C’était au duc de Lauzun de reprendre le Sénégal, ce qu’il fit facilement en janvier 1779. Comme il écrivait au roi :

 

« J’ai l’honneur de vous informer que les troupes du roi se sont emparées de l’isle et fort Saint-Louis de Sénégal le 30 du mois dernier sans perte d’un seul homme : cette conquête fait un tort irréparable au commerce de l’Angleterre et peut augmenter autant qu’on le voudra celui de la France. »

 

Pendant les négociations de paix, un mémoire de Joseph Matthias Gérard de Rayneval, détaillait pourquoi il était essentiel de voir le Sénégal rendu à la France.
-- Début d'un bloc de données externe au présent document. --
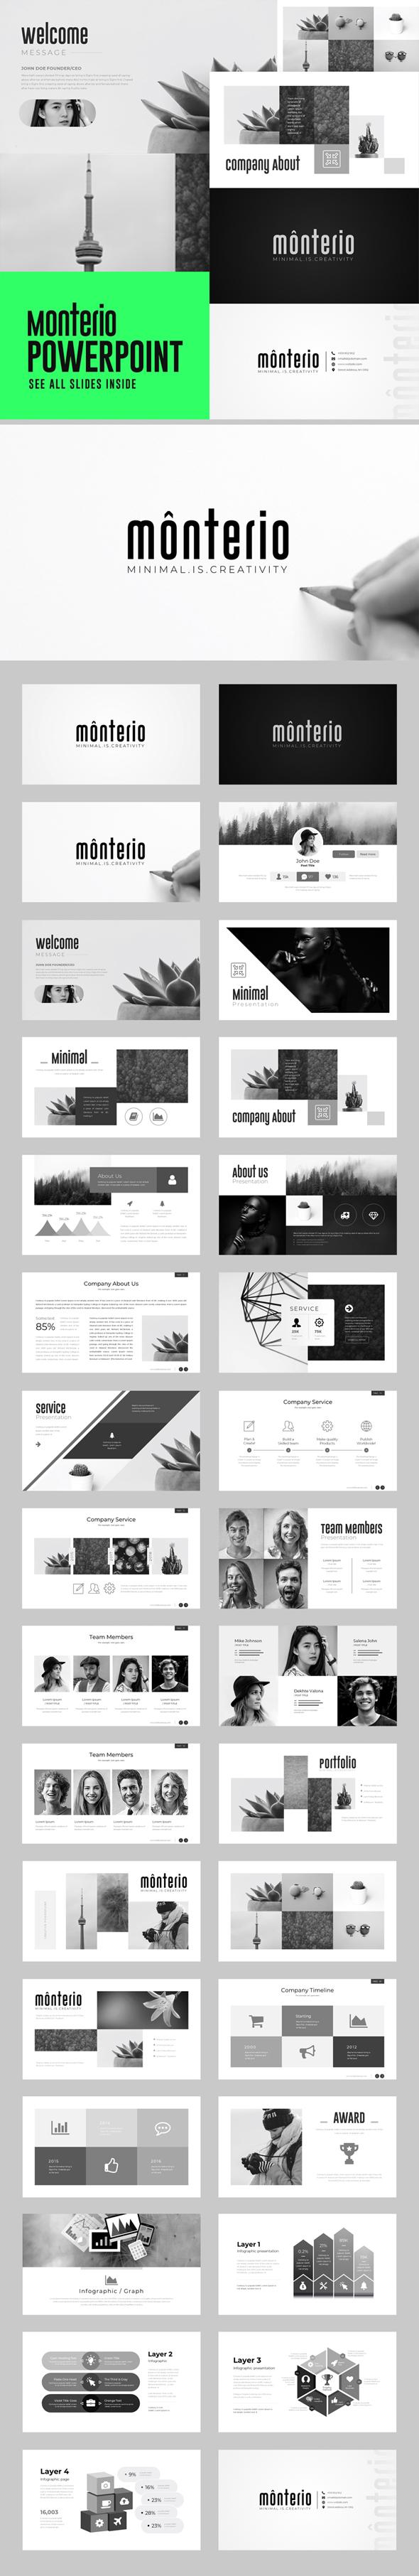 Monterio - Multipurpose PowerPoint Template - Business PowerPoint Templates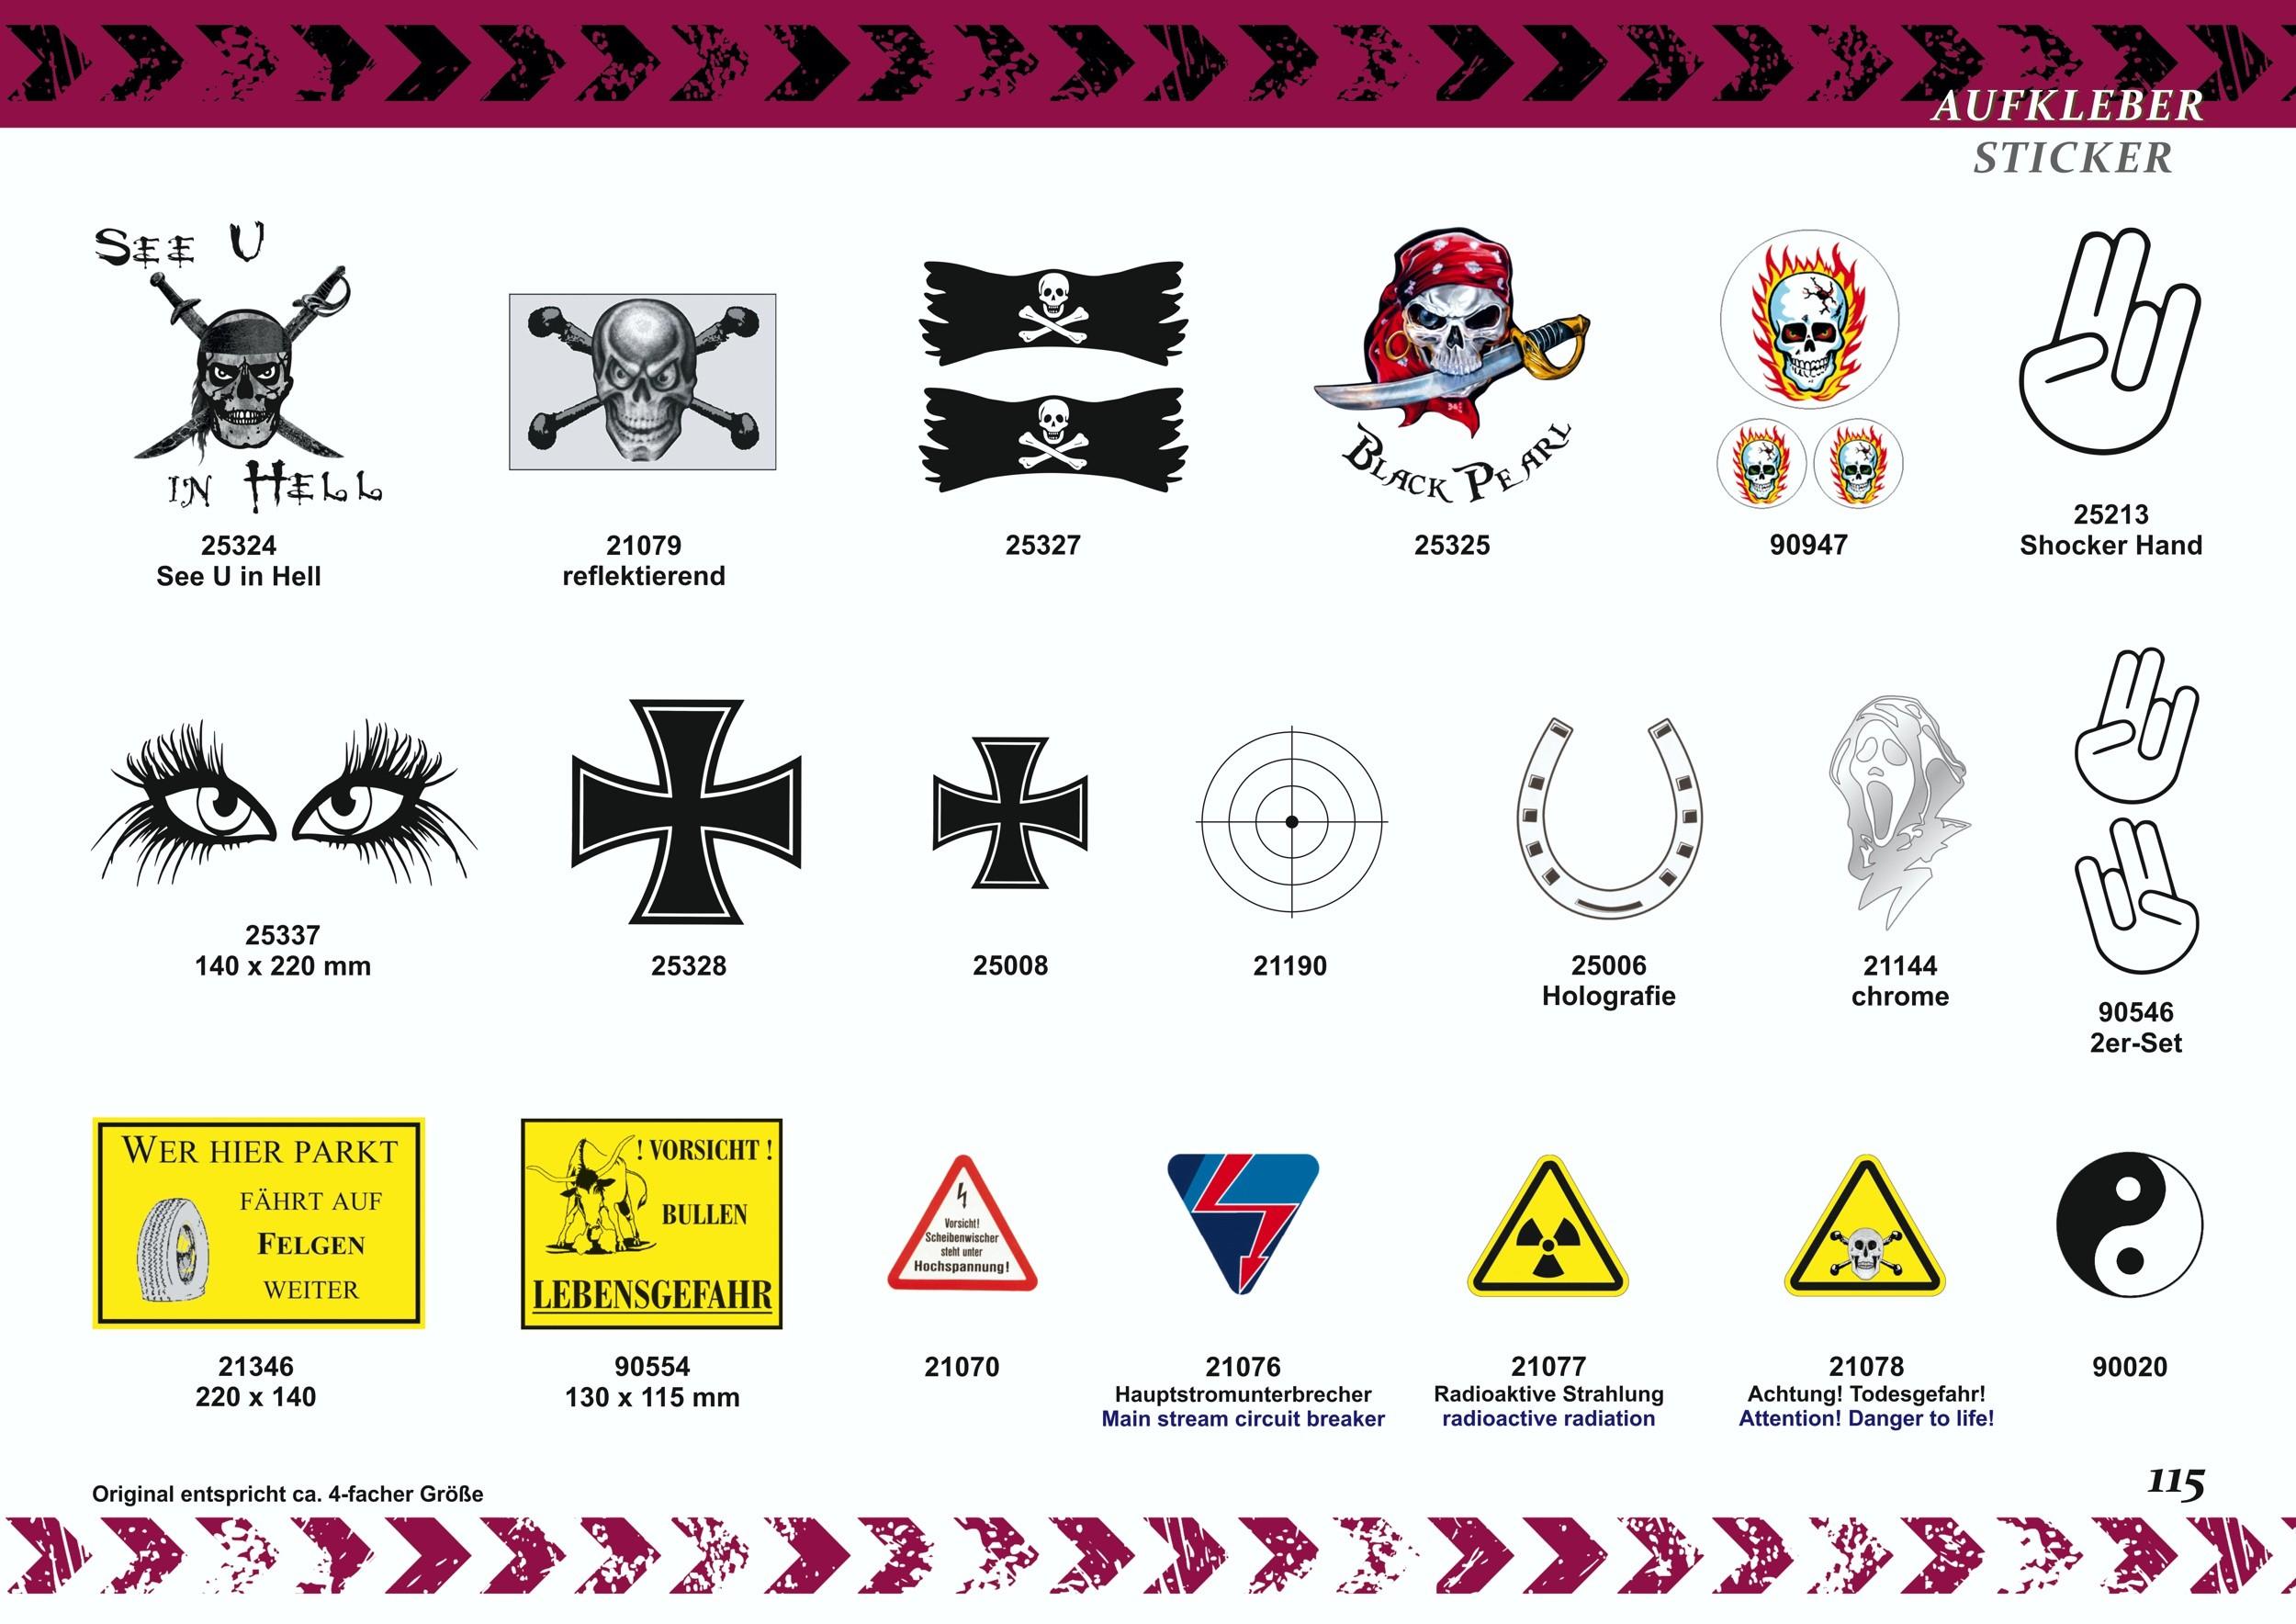 Sticker Auto-Alarm interiorsticking – Bild 8

Certes, il y avait des esclaves et de l’or, mais on pouvait aussi cultiver du coton et l’indigo – et peut-être même du sucre, du café et du tabac. Il était possible, expliquait ce mémoire, « d’établir dans peu d’années dans tout le cours du fleuve la colonie la plus florissante. Des pâturages immenses seraient dans peu d’années couverts de troupeaux. Les premiers pas vers la civilisation ouvriraient bientôt à la France la route de Bambou, de Tambaoura et de Naizambana ».

 

L’idée qu’une grande colonie française au Sénégal puisse permettre l’introduction de la civilisation en Afrique est une logique de l’impérialisme français des XIXe et XXe siècles. Pourtant, comme j’ai essayé de le montrer ici, de 1763 à 1783, d’un traité à l’autre, la France n’avait pas seulement décidé de reprendre le Sénégal. Elle avait aussi envisagé un avenir impérial et colonial en Afrique, au moment même où sa présence en Sénégambie était historiquement la plus faible.